Buy Indian Bank Ltd For Target Rs.220 - Emkay Global
Growth set to improve, but asset quality to be key monitorable
* Among the PSBs that were part of the recent consolidation, Indian Bank benefited the most from its merger with Allahabad Bank in terms of liability profile (CASA >40%). Its proactive tech integration ensured a smooth transition, unlike BOB. We believe Indian Bank is one of the best mid-cap PSBs with strong capital ratios (CET 1 ~11.7%) across cycles and ability to deliver relatively stronger return ratios (RoA/RoE at 0.8%/13%) as growth accelerates.
* With strong capital buffers (CET1@11.7%) in place and overall NPAs trending down, it is gearing up to accelerate growth (~8% in FY22E; >10% in FY23E). This should be mainly driven by healthy traction in the RAM segment and back-end support from mid-corporates. Thus, better growth/LDR and lower interest reversals should support margins.
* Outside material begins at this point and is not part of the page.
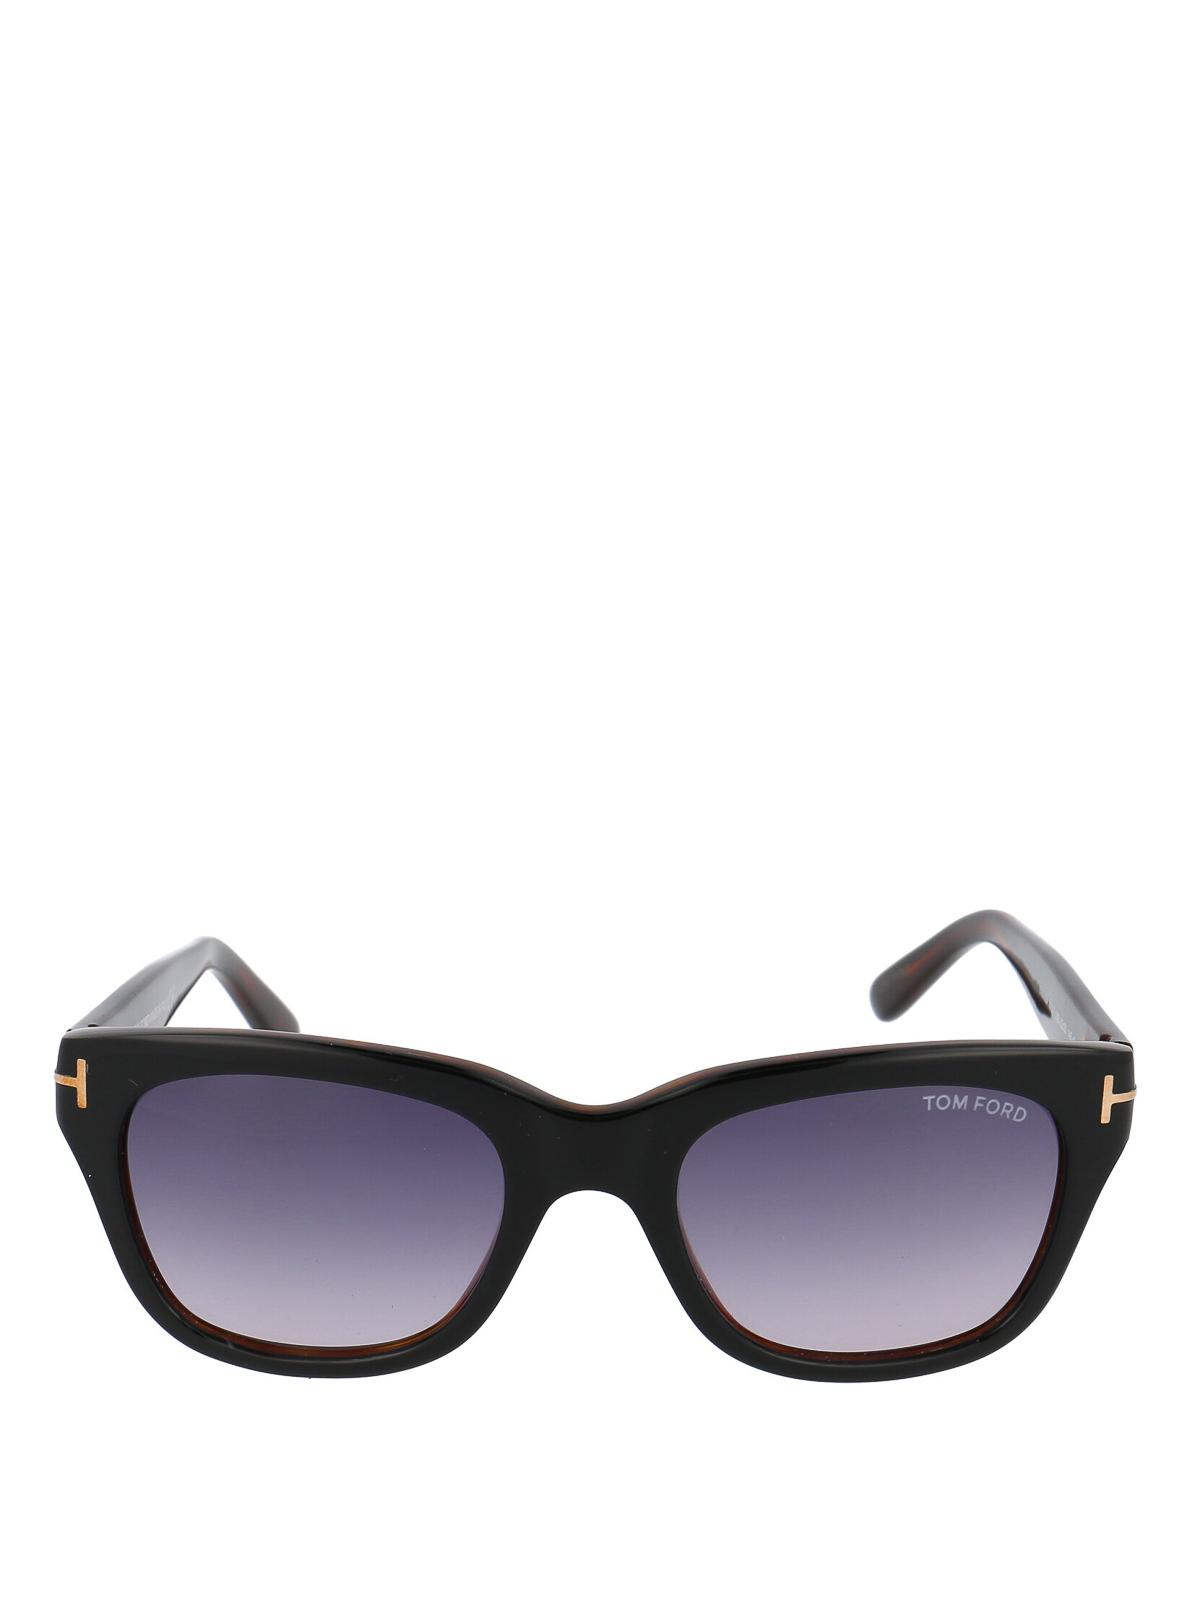 Tom Ford Havana Acetate Sunglasses Sunglasses Ft023705b Ikrix Com

* Asset quality performance has been a mixed bag, with NPAs declining to 9.6% from a peak of 12.7% post-merger, but restructuring remains slightly high at 5% of loans. Management believes that the bulk of retail (42%) restructuring is toward mortgages and expects a lower relapse rate. The impact of RBI’s norms on upgrading NPAs, subject to clearance of all dues, could have a limited impact in Q3.
* Factoring in the impact of rising G-sec yields on treasury and a slightly higher tax rate from FY23E, we cut the bank’s FY23-24E earnings by 5-6% and still expect it to deliver healthy RoA/RoE of 0.8%/13% by FY24E. Valuations remain reasonable post the recent marketwide correction. Hence, we retain Buy with a revised TP of Rs220 (0.7x Dec’23E ABV) from earlier Rs235. Key risks: slow growth/higher NPAs in the SME segment due to a fresh Covid wave and delay in macro pick-up.
Growth set to improve, and so should margins: Overall loan growth has been subdued at 6% yoy, mainly due to the corporate drag stemming from the underutilization of capacities and deleveraging. However, RAM growth was reasonable at 13% yoy, including retail at 14% yoy and agri at 16% yoy. Management believes consistent momentum in RAM will do the heavylifting in terms of delivering 8% overall credit growth in FY22, with some back-end support from mid-corporate. It sees opportunities in sectors such as textiles, petrochemical, chemical and steel. The bank has also signed a co-lending arrangement with NBFCs like Indiabulls Housing and IIFL, but it is yet to see meaningful traction. The bank would be open to more partnerships on the lending side. The bank expects NIM to remain healthy at around 2.8-3%, led by improving growth/LDR and lower interest reversals as lumpy asset quality is largely behind.
Asset quality remains a mixed bag: The bank has already recognized Srei Group (inherited from Allahabad Bank) as an NPA with a 50% provision cover, while Future Retail (Rs11bn) is already part of the restructured pool. The bank expects few lumpy resolutions (including ILFS), transfer of NPAs to NARCL and higher write-offs given healthy provisioning cover to keep NPAs in check. The restructured book remains elevated at Rs192bn (5% of loans), mainly from retail (42%) and MSME (37%), but management expects limited slippages from the pool based on repayment trends and subject to no severe third Covid wave. The SMA 2 pool too has moderated to 1.5% from 2.6% in Q1, indicating a moderating stress pool.